Open in a separate window

Figure 1.

Overview of GXD high-throughput expression data loads. (A) GXD loads RNA-Seq and microarray metadata from ArrayExpress weekly, to download experiment-level information for new mouse RNA-Seq and expression microarray experiments. Experiments are evaluated for GXD relevance. Sample metadata from GXD-relevant experiments are downloaded on demand into a GXD high-throughput sample curation tool, where sample metadata and experimental variables are annotated using controlled vocabularies and ontologies, and added to the GXD high-throughput expression metadata index, released weekly. (B) The GXD RNA-Seq Expression Data load runs on demand as new GXD-relevant RNA-Seq experiments become available from the Expression Atlas (EA). Per experiment, technical replicate identifiers (Run IDs) per Sample are loaded from ArrayExpress and TPM values per gene, per Run ID are loaded from the Expression Atlas. The load joins technical replicate information to produce TPM values per gene, per run ID, per sample for each experiment. TPM values per gene from technical replicates (run IDs for a sample) are averaged. Biological replicates are identified by shared GXD-curated metadata source profiles, and combined in a two step process of (A) quantile normalizing TPM values across bioreplicates for an experiment and (B) averaging quantile normalized (QN) TPM values for each gene of the bioreplicate set. These averaged, QN TPM values are then mapped to TPM range bins established by the Expression Atlas, and to a GXD expression threshold (Present/Absent), based on TPM value relative to the Below Cutoff value range. RNA-Seq expression data are integrated with classical types of GXD expression data through the combination of shared biological source metadata, shared gene annotations and common use of Present/Absent calls.

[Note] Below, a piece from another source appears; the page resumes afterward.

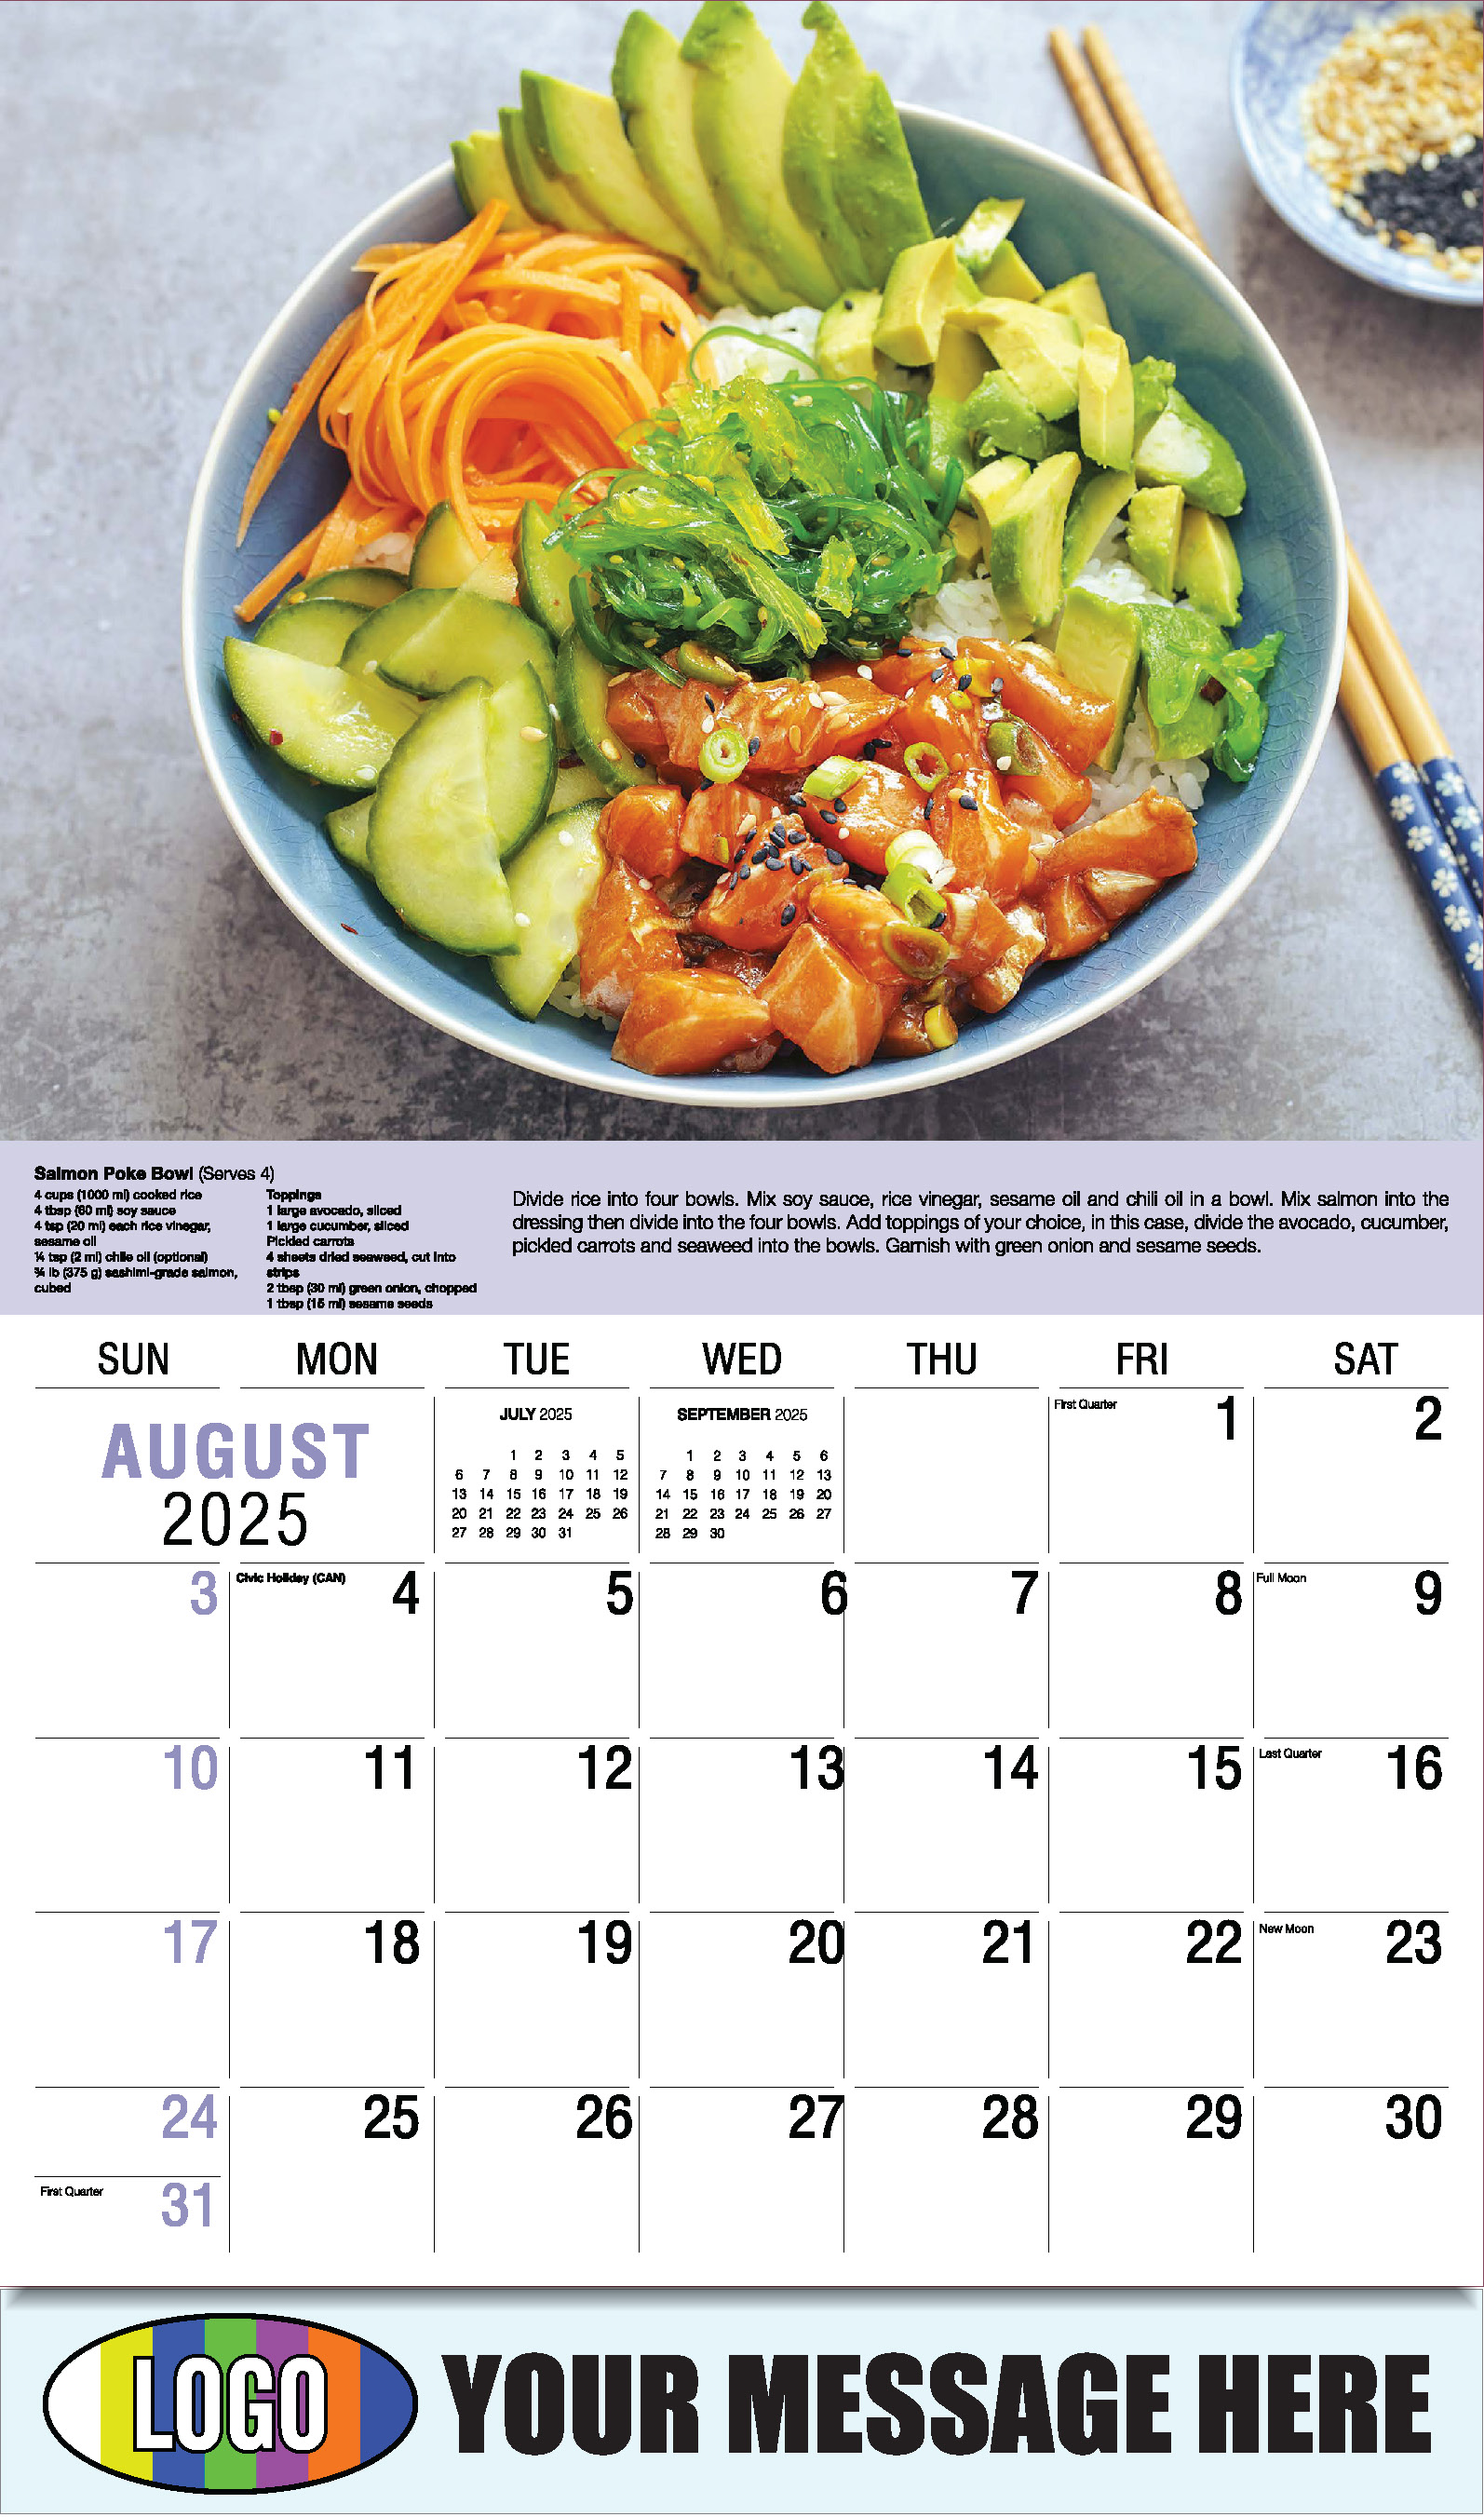 Recipes 2025 Business Promotional Calendar - August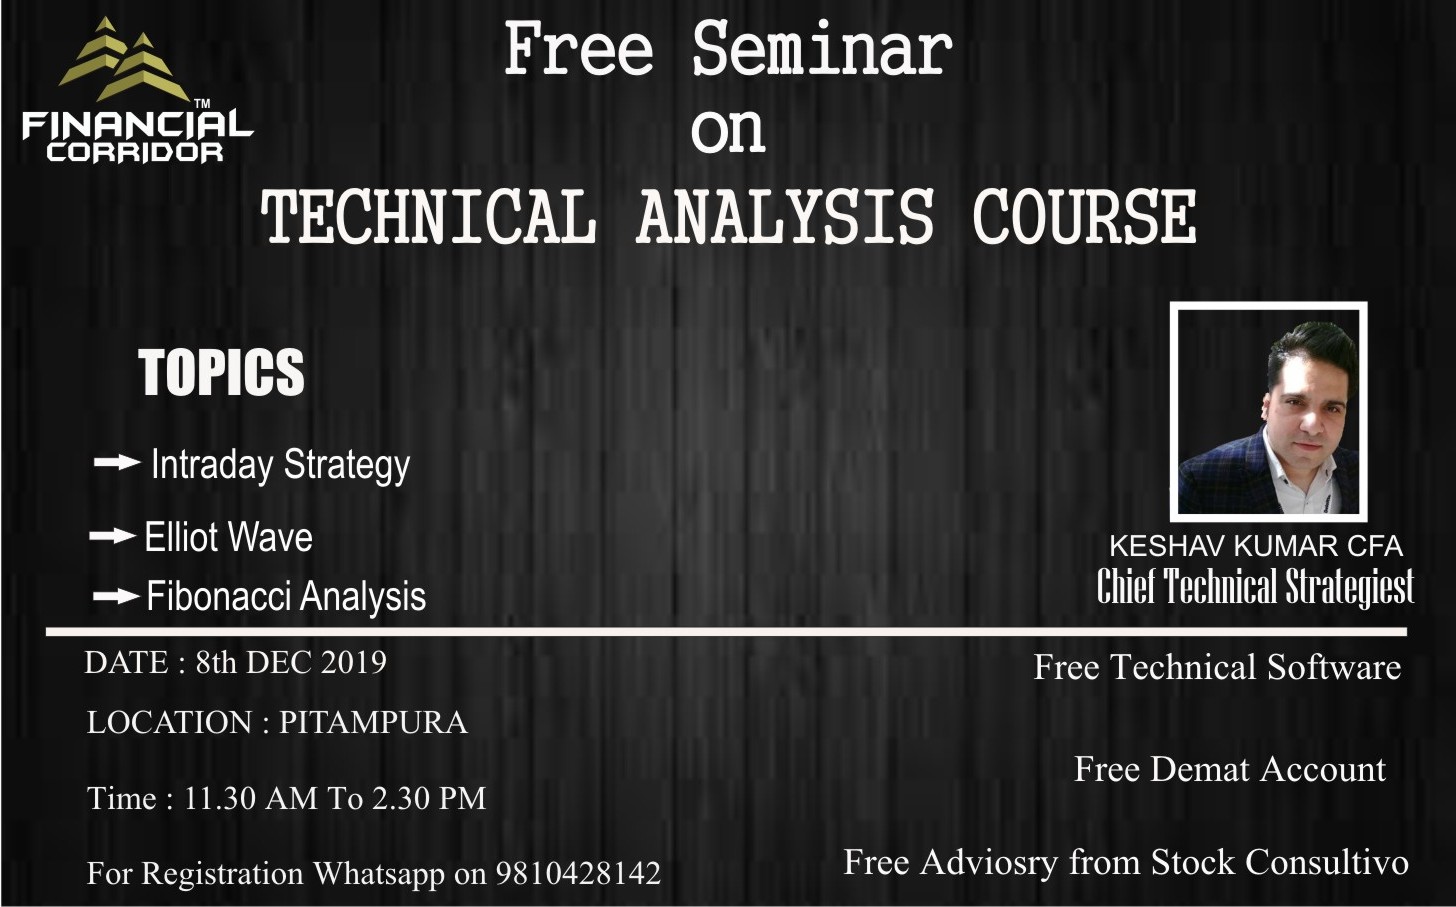 Free Seminar on Technical Analysis course, North West Delhi, Delhi, India

RNA-Seq expression data in GXD

GXD has incorporated high quality RNA-Seq expression data for GXD-relevant RNA-Seq experiments in GXD’s RNA-Seq and Expression Microarray Metadata Index. These data are imported from the Expression Atlas at EBI (14), and then processed further by GXD to allow full integration into our system, and accessibility through our search and display tools. The Expression Atlas incorporates primary data for high-quality RNA-Seq data sets from ArrayExpress and GEO, and applies a processing pipeline designed to leverage state-of-the-art annotation methods to generate reliable, updated TPM values for genes represented in current Ensembl releases (14). We download these TPM values, and prepare the data for integrated access using GXD’s RNA-Seq processing pipeline (Figure ​(Figure1B).1B). Expression data for new GXD-relevant RNA-Seq experiments from the Expression Atlas are incorporated into GXD as they become available.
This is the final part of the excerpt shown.